Why you need a KILLER Login and User-Onboarding flow
Some 13.7 Million years ago, there was a colossal Big Bang, which created our universe, and is the reason we’re all here today. In a trend not all that different, and with 246 million registered Domains as of 2012, the internet footprint has exploded in recent years, and it’s showing no signs of slowing down.
With the white-hot battle for eyeballs and companies / websites vying for our attention, it’s not hard to understand why our attention spans have shortened in recent years, to the point where user loyalty is at an all-time low and on the verge of extinction.
As entrepreneurs and product designers, it is therefore critical to focus on our users more so than ever, especially during that early acquisition and onboarding flow, to guide our first-time user through the experience, ask for information we want from them, and show them features and functionality that they need to get accustomed to, so that they may find our product or service useful and (hopefully) come back a second time.

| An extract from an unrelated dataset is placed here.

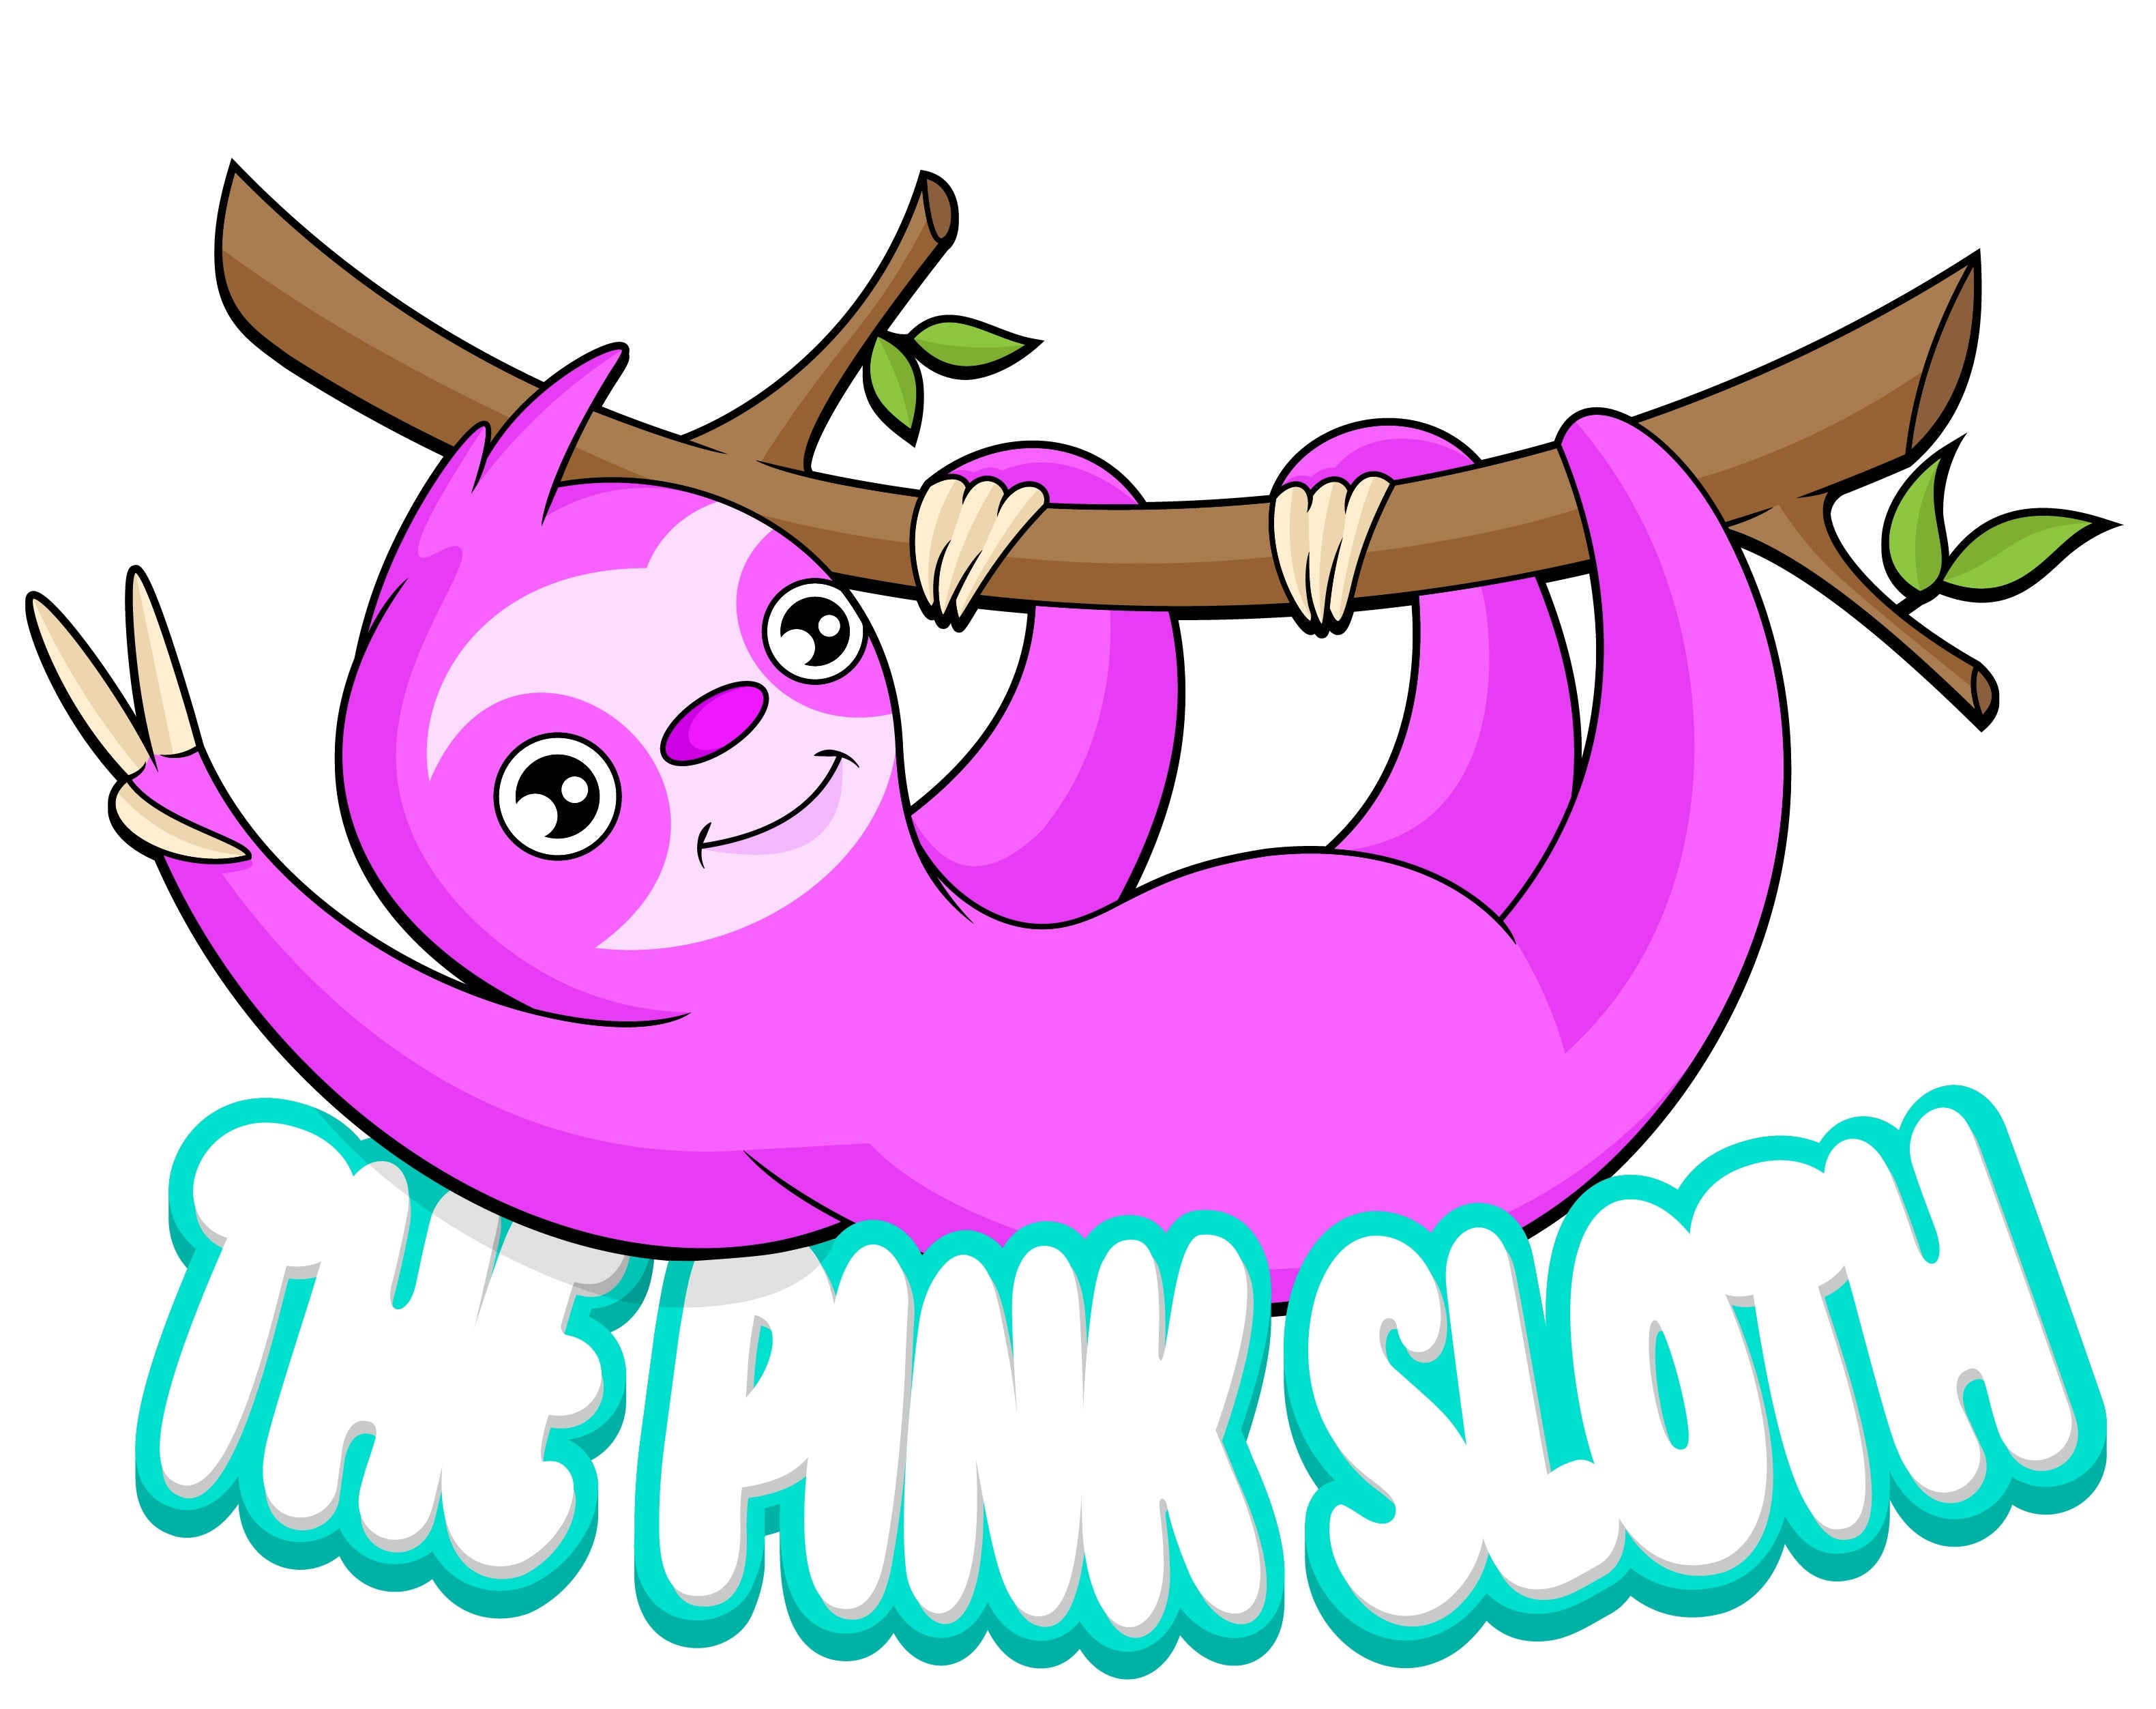 The Pink Sloth

In that vein, and in order to design our login experience and onboarding flow to be as effective as possible, we need to keep asking ourselves questions like:
- How can we make login as quick and painless as possible (ideally a 1-click experience)?

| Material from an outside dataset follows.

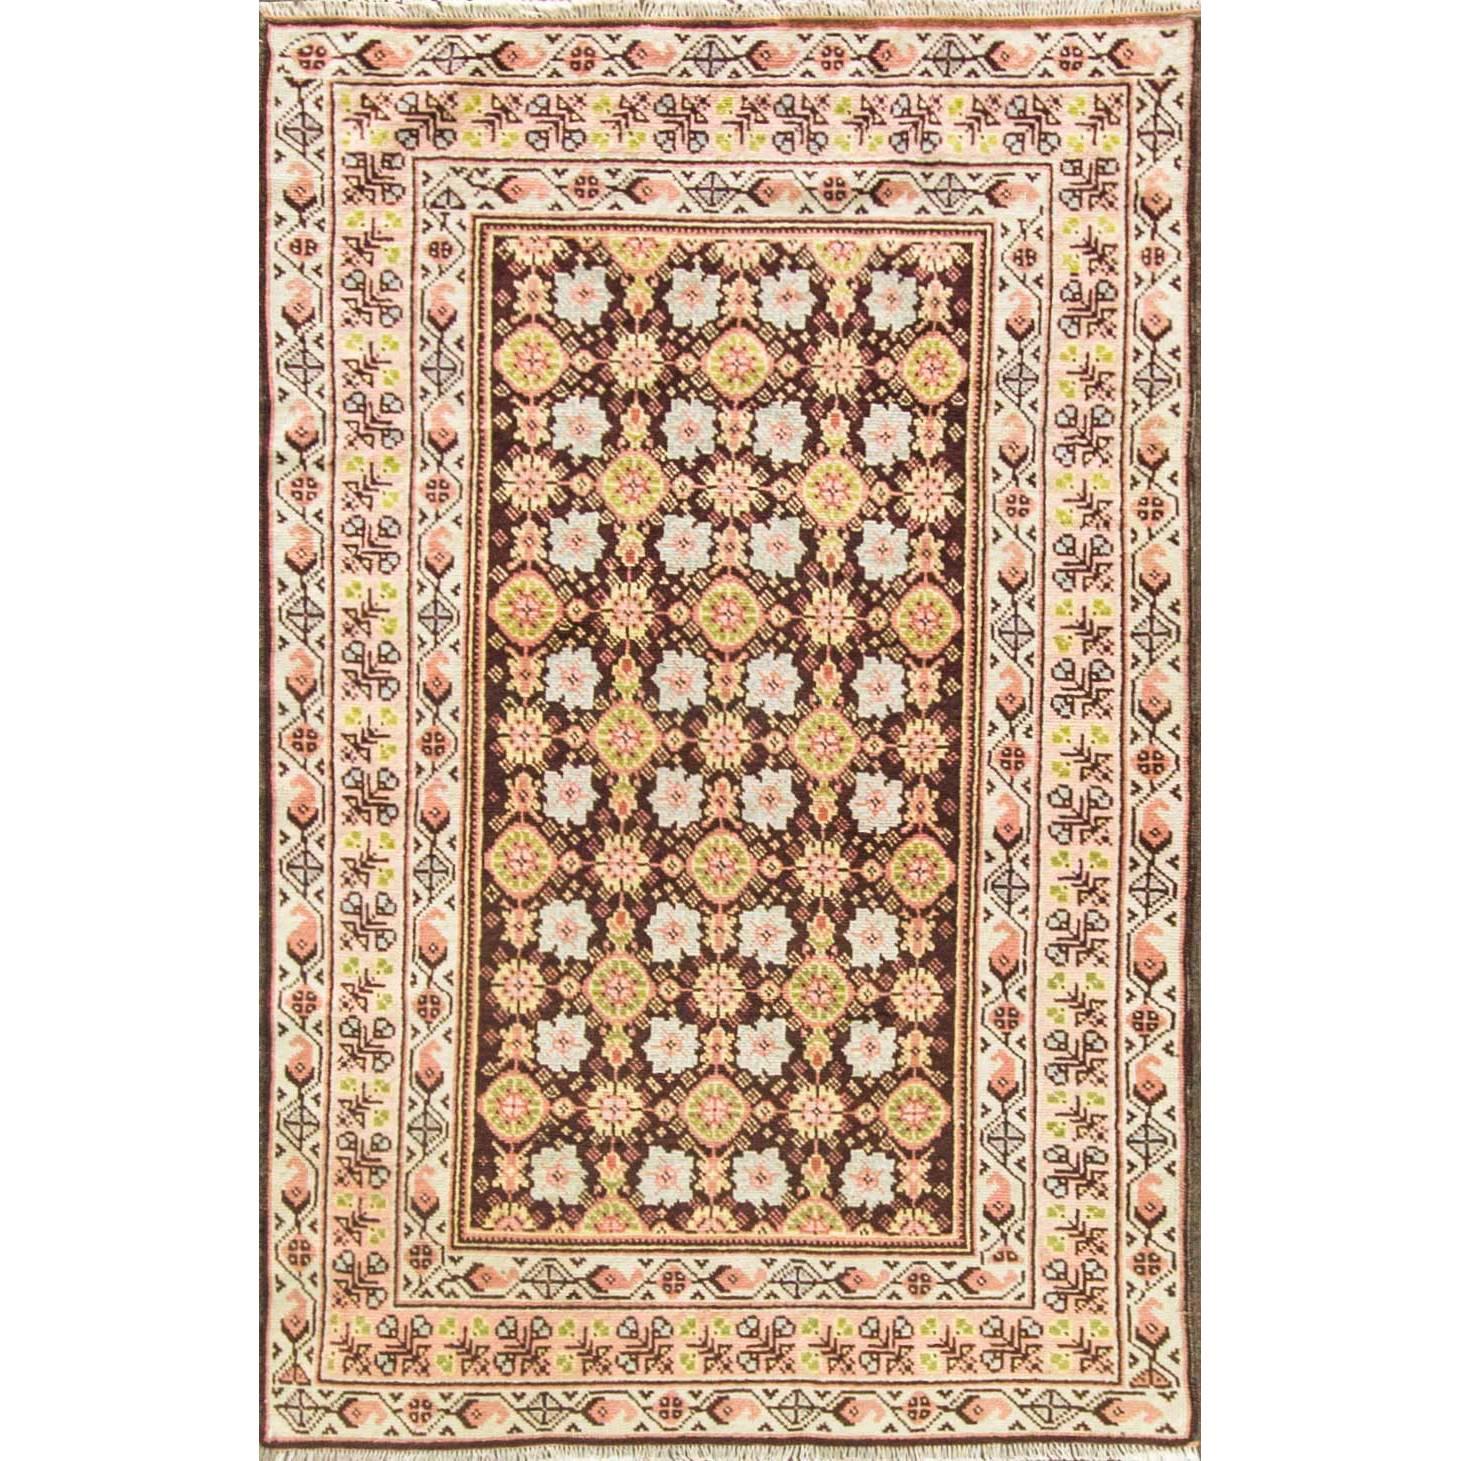  Antique Rug, Unusual, 3'4" x 6'6" For Sale

- Does Facebook Connect / Sign in make sense? How can we make the user login / signup using Facebook (instead of email)? The obvious advantages here being convenience, one-click signups, social integration and access to rich social data that we’d otherwise have to ask the user for.
- What does the user need to know when he logs in the first time?
- What information do we want the user to answer?
- What information do we want from the user via other means (facebook connect, etc)?
- What features and functionality do we want to show the user (like a tutorial that is shown by default for the first time, but can be manually invoked again at a later stage)
- How do we motivate users to become ACTIVE contributors (instead of passive readers and content consumers)?
- How can we add a certain degree of randomness / unpredictability to that first login / onboarding experience? (we tend to dismiss the boring and unpredictable but pay attention to things that we’re not expecting)
- How can we motivate and incentivize the user to come back?
The login and onboarding process should be a key piece to the success of our product and user experience. It’s our one chance to create a (strong) lasting impression. Without it, the rest of the features we build simply will not matter.